Fu Jia, Li Meng, Rong Chunying, Zhao Dongbo, Liu Shubin
College of Chemistry and Chemical Engineering, Hunan Normal University, Changsha, Hunan, 410081, People's Republic of China.
Institute of Biomedical Research, Yunnan University, Kunming, 650500, People's Republic of China.
J Mol Model. 2024 Sep 18;30(10):341. doi: 10.1007/s00894-024-06116-7.
Electrophilicity and nucleophilicity are two vastly important chemical concepts gauging the capability of atoms in molecules to accept and donate the maximal number of electrons. In our earlier studies, we proposed to simultaneously quantify them using the Kullback-Leibler divergence from the information-theoretic approach in density functional theory. However, several issues with this scheme remain to be clarified such as its general validity, predictability, and relationship with other information-theoretic quantities. In this work, we revisit the matter with bigger datasets and deeper theoretical insights. Five information-theoretic quantities including Kullback-Leibler divergence, Hirshfeld charge, Ghost-Berkowitz-Parr entropy, and second and third orders of relative Onicescu information energy are found to be reliable and robust descriptors of electrophilicity and nucleophilicity propensities. Employing these five descriptors, we design a list of new compounds and predict their electrophilicity and nucleophilicity scales. This work should markedly improve our confidence and capability in applying information-theoretic quantities to evaluate electrophilicity and nucleophilicity propensities and henceforth pave the route for more applications of these quantities from information-theoretic approach in density functional theory in the future.

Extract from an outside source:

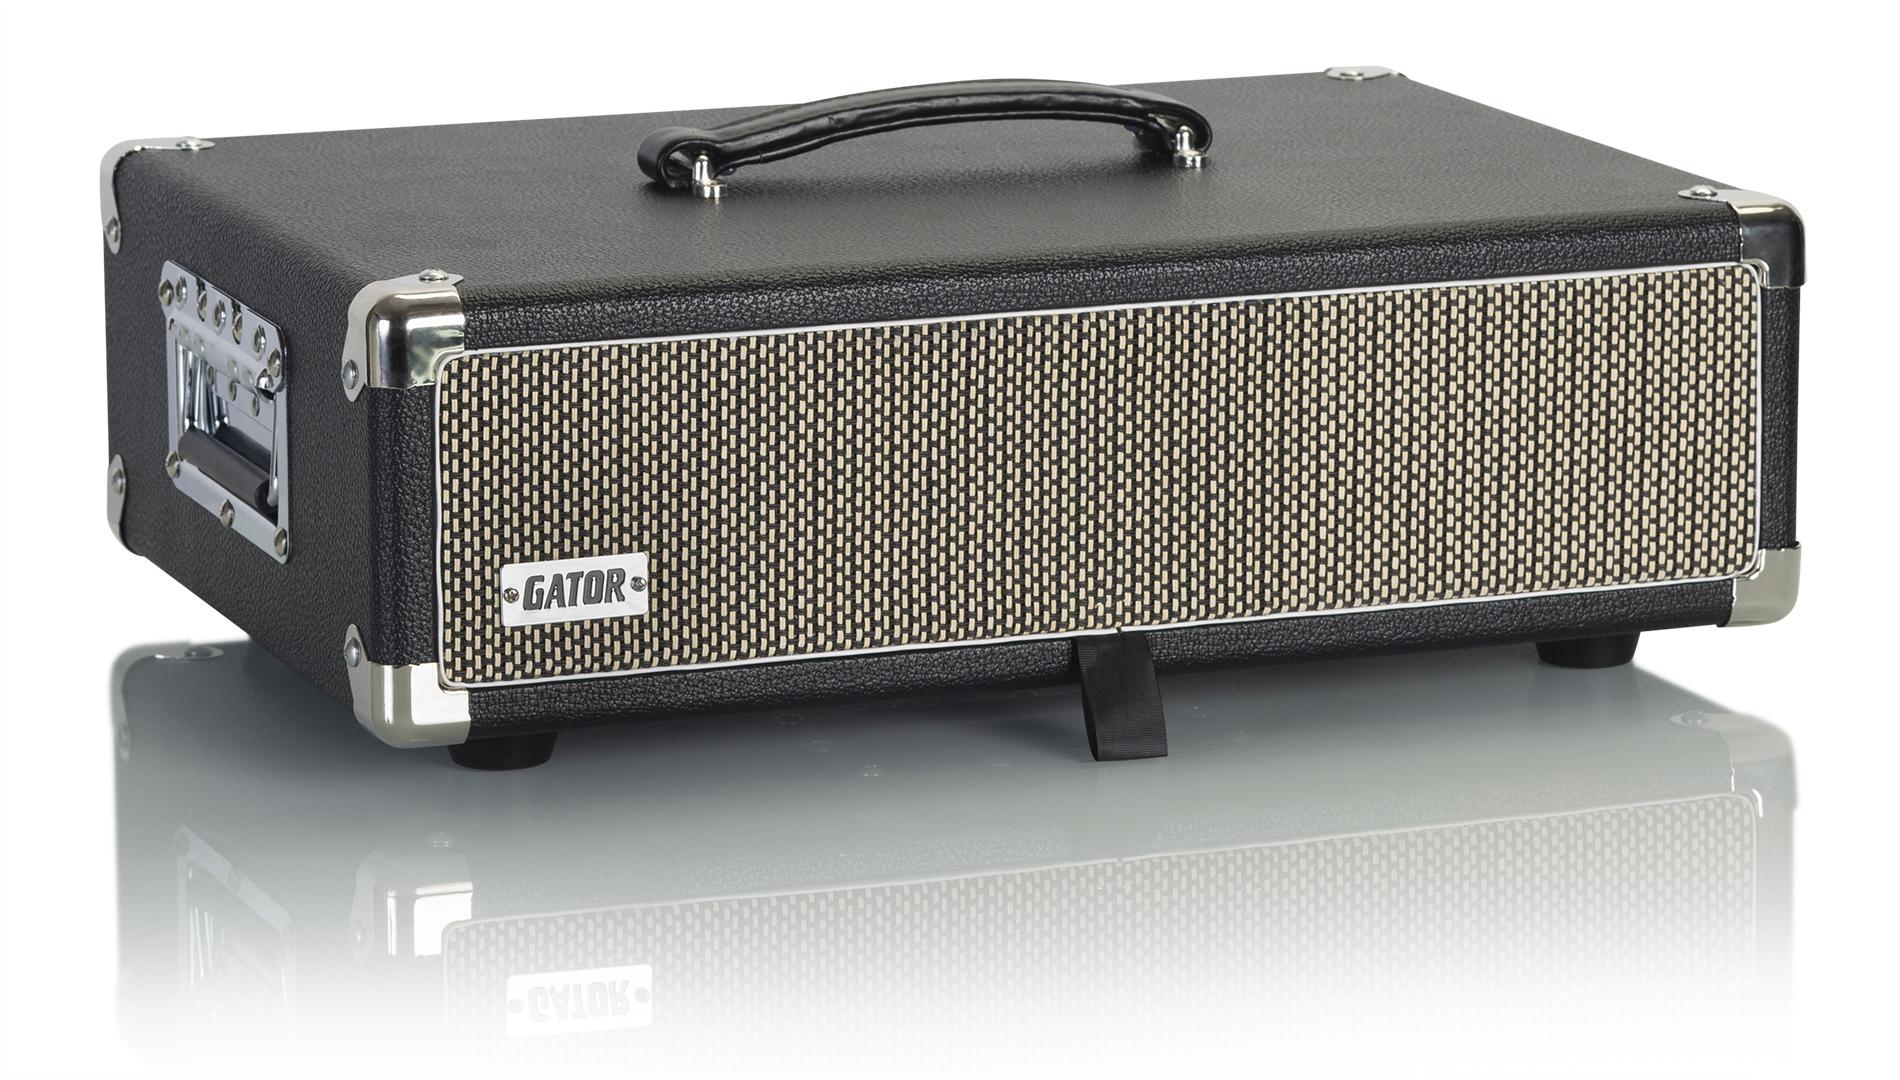 50 s amp style rack case 2u black

All structures were fully optimized at the M06-2X/6-311 + G(d) level of DFT functional using the Gaussian 16 package (version C01) with integration grids and tight self-consistent-field convergence. The solvent effect was taken into account by using the implicit solvent model (CPCM) in the CHCl solvent, and all 3D contour surfaces of Fukui function, local temperature, and ITA (information-theoretic approach) quantities were generated by GaussView. The Multiwfn 3.8 program was used to calculate the ITA indexes and atomic charges.

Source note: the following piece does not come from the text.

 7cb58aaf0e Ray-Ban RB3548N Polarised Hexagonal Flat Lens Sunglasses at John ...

亲电性和亲核性是两个极为重要的化学概念,用于衡量分子中原子接受和给出最大电子数的能力。在我们早期的研究中,我们提议使用密度泛函理论中信息论方法的库尔贝克-莱布勒散度来同时对它们进行量化。然而,该方案的几个问题仍有待阐明,例如其普遍有效性、可预测性以及与其他信息论量的关系。在这项工作中,我们使用更大的数据集和更深入的理论见解重新审视了这个问题。发现包括库尔贝克-莱布勒散度、赫希菲尔德电荷、幽灵-伯科维茨-帕尔熵以及相对奥尼塞库信息能量的二阶和三阶在内的五个信息论量是亲电性和亲核性倾向的可靠且稳健的描述符。利用这五个描述符,我们设计了一系列新化合物,并预测了它们的亲电性和亲核性标度。这项工作应显著提高我们应用信息论量来评估亲电性和亲核性倾向的信心和能力,从而为未来在密度泛函理论中从信息论方法更多地应用这些量铺平道路。
使用高斯16软件包(版本C01),在DFT泛函的M06 - 2X/6 - 311 + G(d)水平下,采用积分网格和紧密的自洽场收敛对所有结构进行了完全优化。通过在CHCl溶剂中使用隐式溶剂模型(CPCM)来考虑溶剂效应,并且通过GaussView生成福井函数、局部温度和ITA(信息论方法)量的所有三维等值面。使用Multiwfn 3.8程序计算ITA指数和原子电荷。